Et, les arrivants qui sont cooptés pour participer à la gestion de leur destin ne sont pas de mentalité irréprochable et de compétence avérée. 

Souventes fois, l’on a constaté que ce sont ces « derniers de la classe » qui parviennent à se hisser au faîte de l’Etat, que ce sont les gabonais à l’état civil entaché d’irrégularités qui sont mieux traités que les gabonais qualifiés « de pure souche ». 

Si le Gabon doit devenir un Etat-uni formé des personnes en provenance des autres parties du monde, ce processus doit se faire sur la base des conditions, des procédures, des principes et des lois rigoureusement codifiés. 

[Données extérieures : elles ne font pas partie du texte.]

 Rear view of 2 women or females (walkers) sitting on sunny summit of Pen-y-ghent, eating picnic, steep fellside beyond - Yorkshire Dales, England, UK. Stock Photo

La mondialisation et la libre circulation des personnes ne signifient nullement qu’il faut ouvrir les frontières au point de laisser entrer l’infamie et la perversion de la morale. Notre appareil d’Etat est encore si faiblement structuré, qu’il ne faut pas se précipiter pour instituer la libre circulation des personnes entre l’étranger et le Gabon, et,  faire en sorte que les étrangers se retrouvent insolemment au sommet des Institutions de la République. 

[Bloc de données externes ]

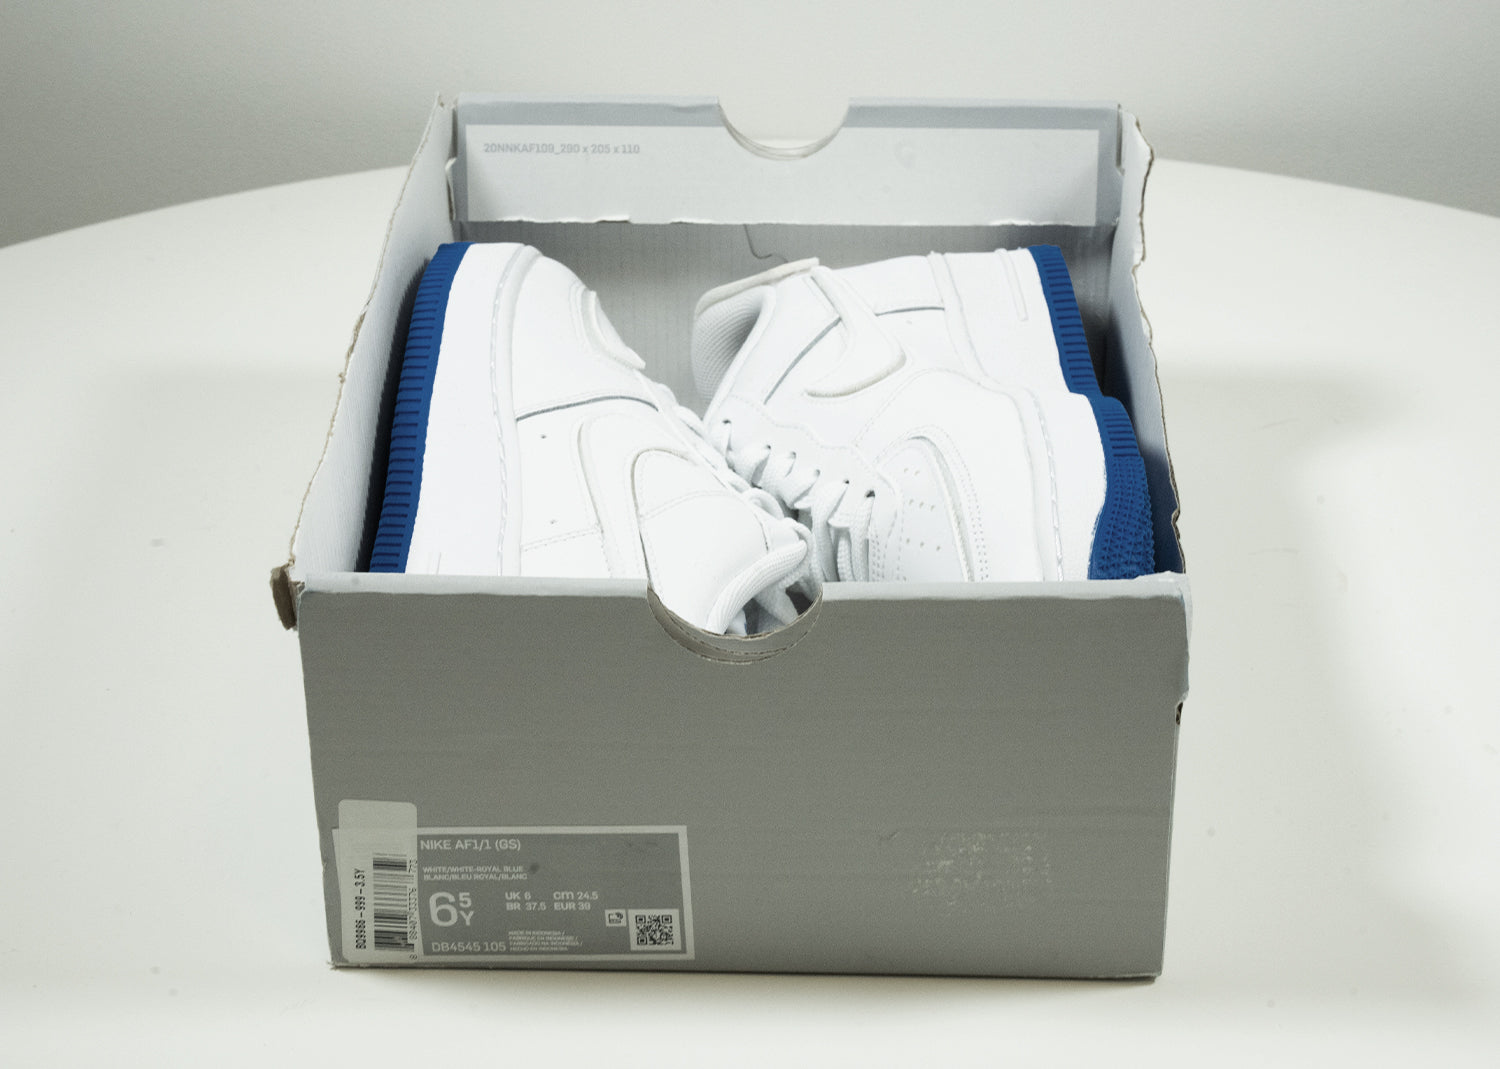 Second Chance - Multi Nike Air Force 1/1 White Royal Blue (GS) | NEW

Puisque les Etats noirs semblent avoir opté pour l’autocratie et renoncé à la démocratie, pourquoi donc s’étonner que la bonne gouvernance, le vote citoyen, le suffrage universel et partant la souveraineté du peuple soient blasphémés et relégués au rang des inutilités. 

A tous, la sagesse impose la modération, le respect des valeurs collectives et l’écoute permanente des peuples dont les conditions d’existence sont très médiocres et très éloignées de celles, bien meilleures, de nos contemporains de ce début du siècle.